India's economy likely grew at its fastest in two years between April and June, according to a Reuters poll, as improved sentiment after Narendra Modi's election victory in the middle of the quarter coincided with a rebound in investment, manufacturing and construction.

Prime Minister Modi is expected to deliver major reforms, but the lack of progress on that front, along with poor monsoon rains is expected to hamper the recovery in growth from worryingly low levels.

Asia's third largest economy likely grew 5.3 percent in the first quarter of this fiscal year (April-March), up from 4.6 percent in January-March, according to the median consensus of over 40 economists surveyed by Reuters last week.

That would be the fastest since the quarter that ended in March 2012 and reflects the upturn in factory activity during recent months. Official gross domestic product data is due to be released on Friday.

"Capital goods, a leading indicator for investment activity, logged a significant 13.9 percent rise in output in the first quarter of FY15," said Aditi Nayar, Senior Economist at ICRA.

Indian manufacturing activity grew at its quickest pace in 17 months in July as order books swelled, marking the ninth consecutive month of expansion according to the HSBC Purchasing Managers' Index (PMI) survey, compiled by Markit.

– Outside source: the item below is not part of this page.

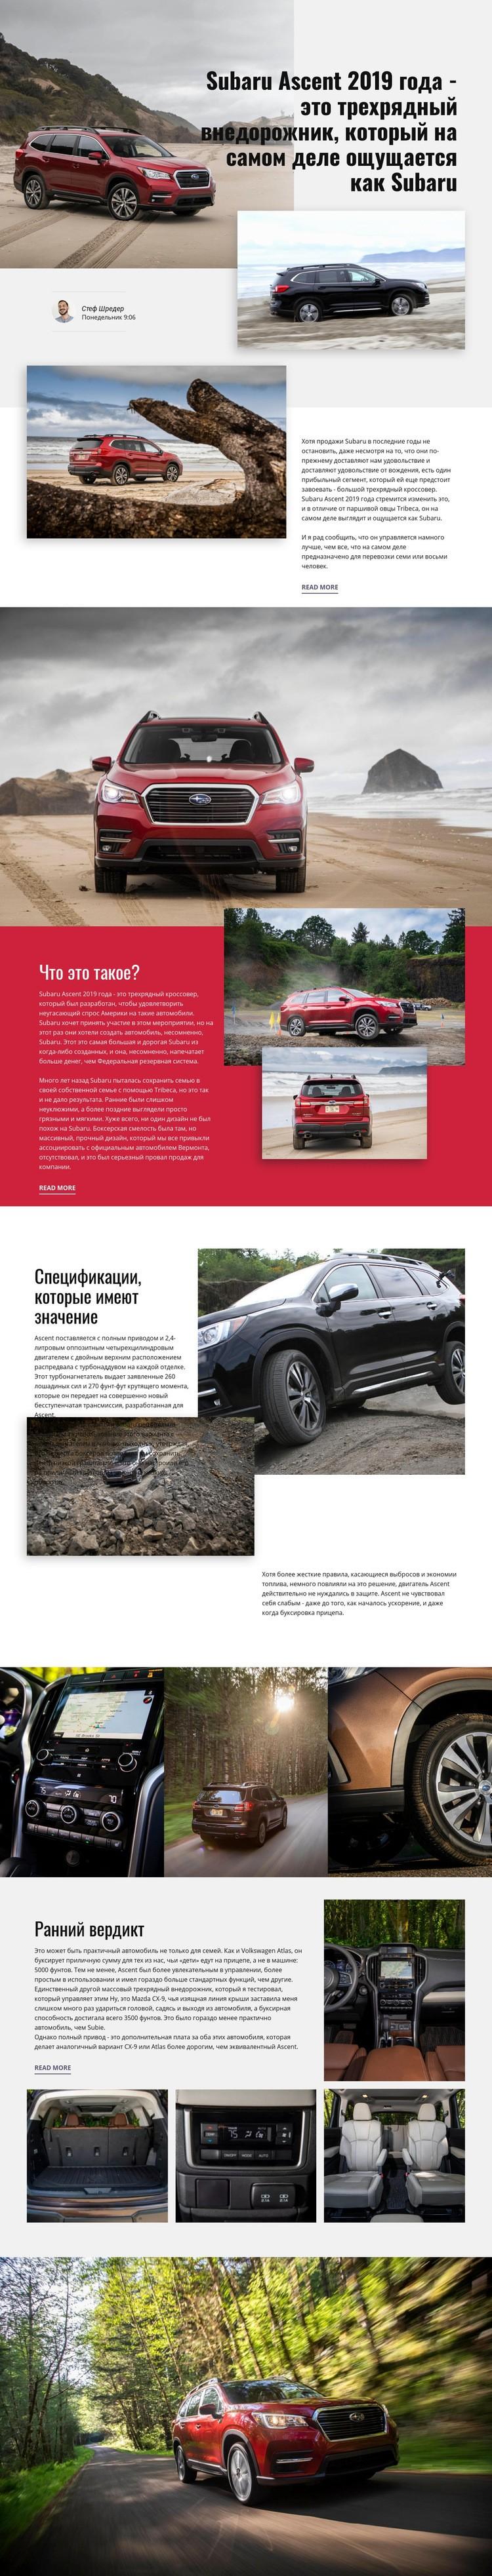 Subaru Шаблон веб-сайта

And factory production grew for the third straight month in June.

Economists however did not significantly change their growth forecast for the 2014-15 fiscal year, with the average at 5.4 percent.

For all the hopes invested in Modi's government, economists cautioned that the economy's momentum depended on reforms that could prove difficult to pass through parliament.

Despite is massive majority in the lower house, the government lacks a majority in the upper house and it has so far failed to initiate major reforms, and has been confined to taking minor steps to encourage saving and investment.

"Additional reforms are required to ensure that a sustained and broad-based recovery takes root," said ICRA's Nayar.

The poll also showed India's current account deficit likely widened to $7.1 billion in the April-June quarter, compared to a deficit of $1.2 billion in the previous three months, after restrictions on gold imports were lifted.

In percentage terms, the current account deficit probably widened to 1.50 percent of gross domestic product against 0.20 percent in Jan-March quarter.

India's Finance Secretary Arvind Mayaram said last month that India needs to keep its current account deficit between 2.0-2.5 percent for 2014/15.